如果 free_bkt_id 等于 nbkt_id， 代表当前free buf和目标buf在同一个bucket，不需要移动。只用赋值即可。否则需要移动：

// NOTE: bucket[obkt_id].lock nad bucket[nbkt_id].lock must be held
static void
bucket_move(uint obkt_id, uint nbkt_id, struct buf* node)
{
  bucket_remove(&bcache.hash_buckets.bucket[obkt_id], node);
  bucket_insert(&bcache.hash_buckets.bucket[nbkt_id], node);
}

// NOTE: bkt.lock must be held
static void
bucket_remove(struct buf** bkt, struct buf* node)
{
  struct buf* buf  = *bkt;
  struct buf* pbuf = 0;
  while (buf != 0 && buf != node) {
    pbuf = buf;
    buf  = buf->next;
  }

  if (buf == 0) {
    panic("bucket_remove: buffer slot does not exit in bucket");
  } else {
    if (pbuf == 0) {
      *bkt = buf->next;
    } else {
      // remove node
      pbuf->next = buf->next;
    }
    buf->next = 0;
  }
}
  
// NOTE: bkt.lock must be held
static void
bucket_insert(struct buf** bkt, struct buf* node)
{
  node->next = *bkt;
  *bkt       = node;
}

这是hash table的常规插入删除操作，不用细说（虽然我最开始连这个都实现错了，主要是忘了删除后，将buf->next置为0）。

最后说一下为什么一个 bucket lock 的全局大锁，以及该锁是否有必要。

该锁只有一个作用，保证同一时刻，只有一个进程在执行buffer cache entry从一个bucket移动到另一个bucket。
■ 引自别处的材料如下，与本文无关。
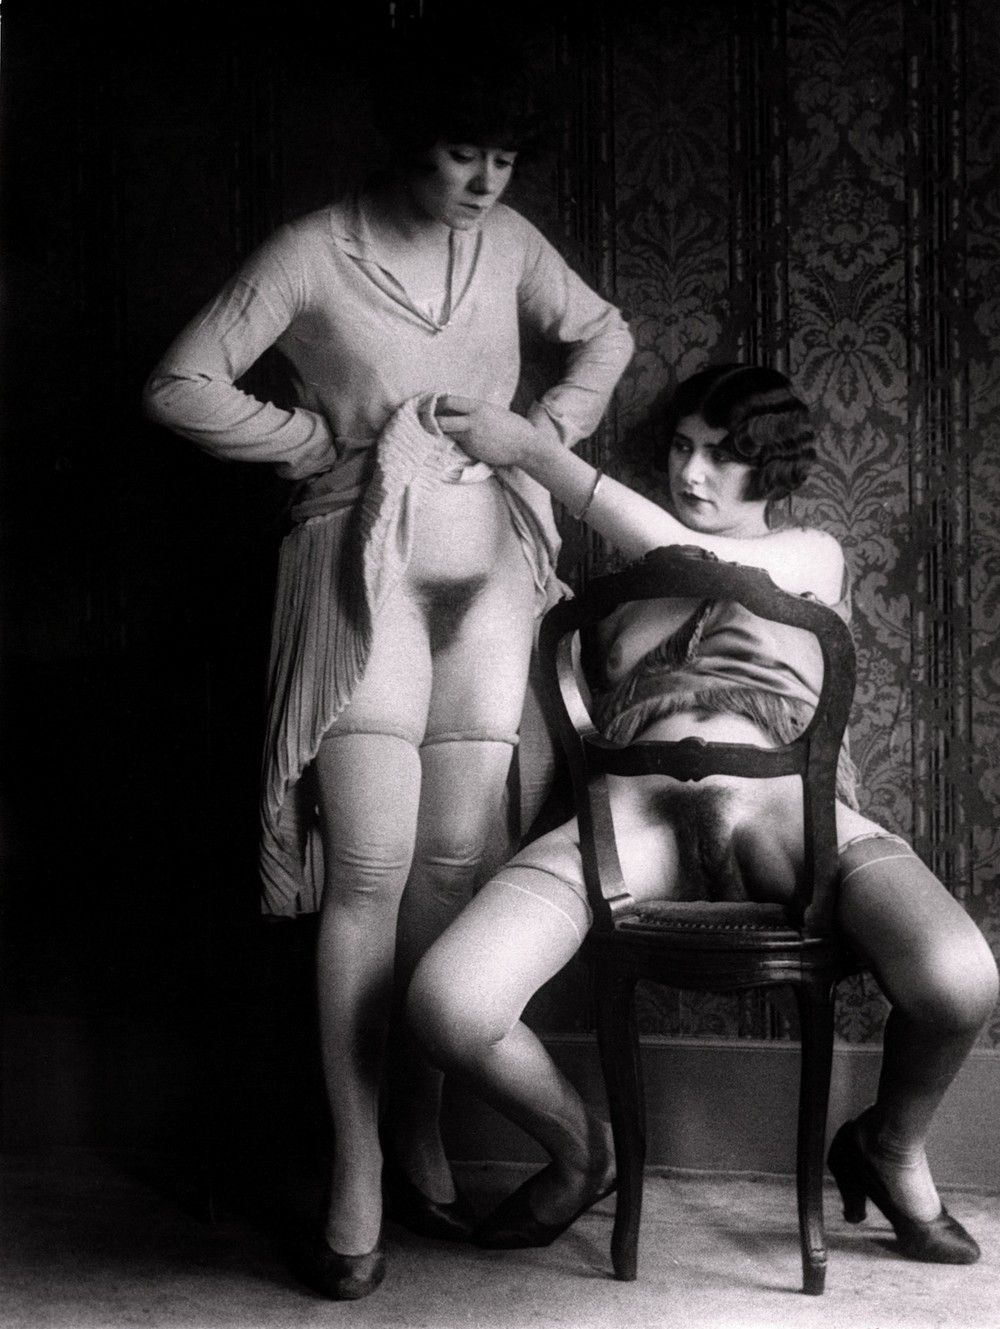 prostitutas mostoles prostitutas de los años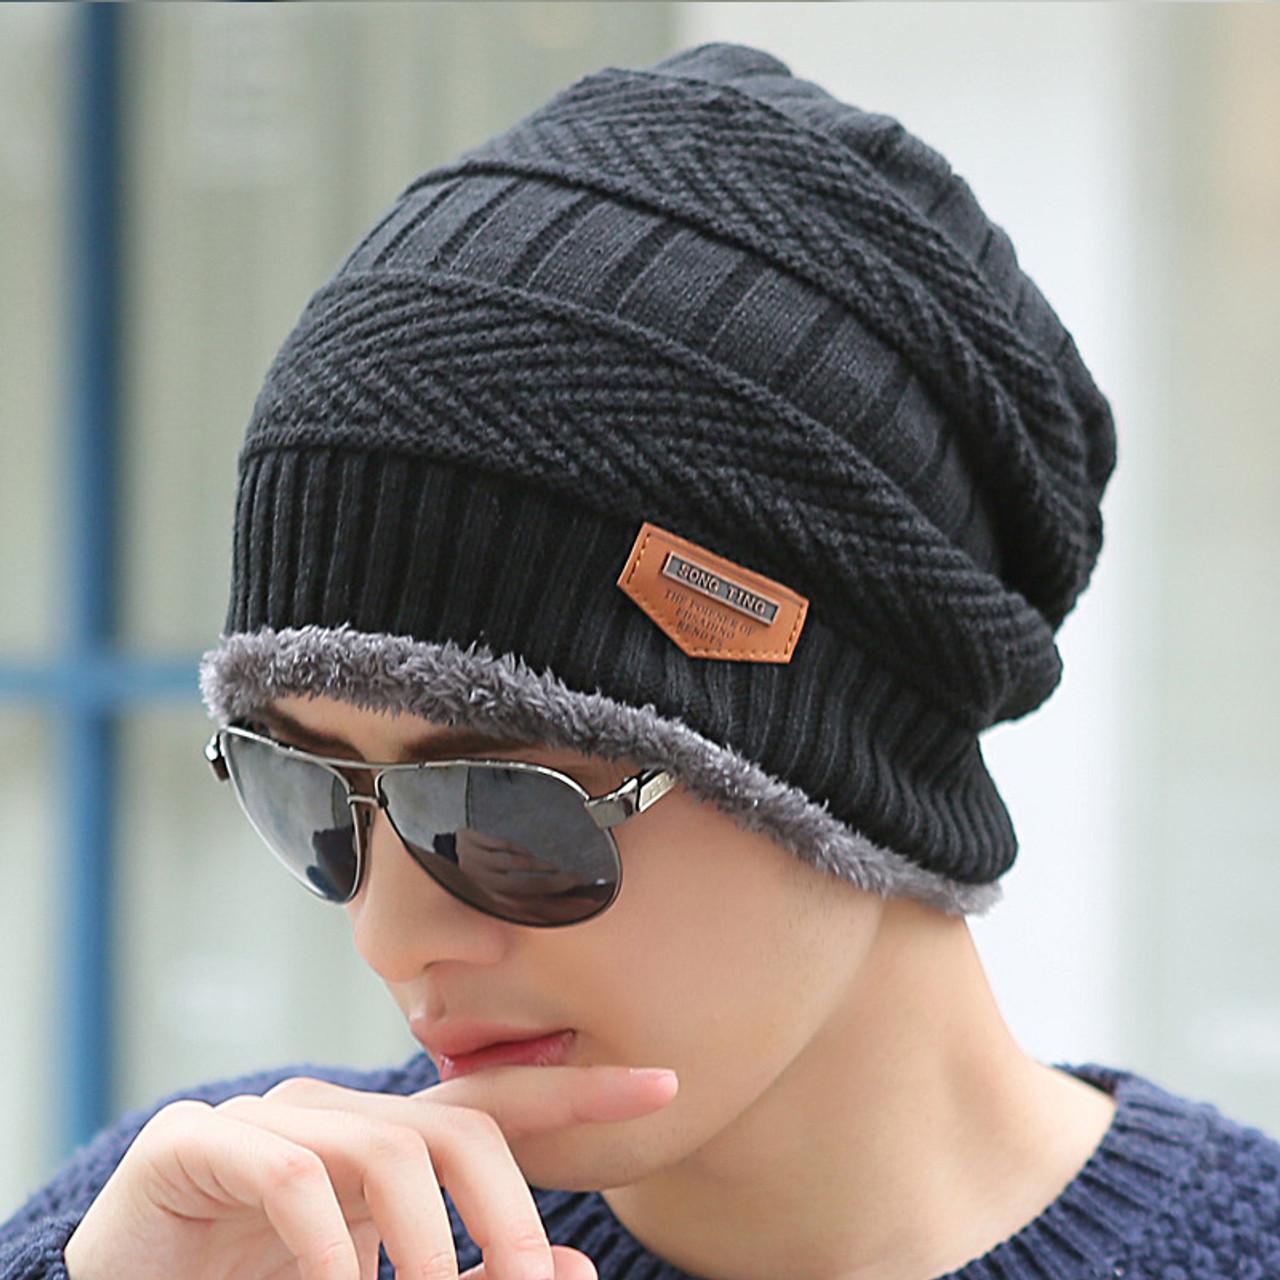 Boys Men Winter Hat Knit Scarf Cap Winter Hats for Men Caps Warm Fur  Skullies Beanie Bonnet Hat Man 2017 Mens Winter Hats - OnshopDeals.Com 79a6e2f0af2e

否则可能会有死锁问题。

如下图：

P1持有红色bucket的锁，尝试获取黄色bucket的锁，以将红色buffer cache entry移动到黄色bucket中。

P2相反，持有黄色bucket锁，尝试获取红色bucket锁，以将黄色buffer cache entry移动到红色bucket中。

这样的场景导致了死锁。

所以加上bucket 大锁，保证不出现这个场景。

但是大锁又再次降低了并发。 在实际开发中，采用 try_lock 和retry策略是个更好的做法，这样移动操作也可以并发执行，进一步提升并发。

至此，完成所有task，测试结果如下：

注意，除了bcachetest以外，还需要通过usertests测试

2. 总结·

并发实验果然会难上不少，不过用处也更大，体会到多线程debug的痛苦，增加了调试的经验，多线程编程建议从大锁到小锁，低并发（比如用2个CPU）到高并发量。对于不确定线程安全与否的函数，先加大锁尝试，逐渐减少临界区范围，确定出现问题的临界区，再尝试修改。如果确实无法debug出来，尝试重构也是个好办法。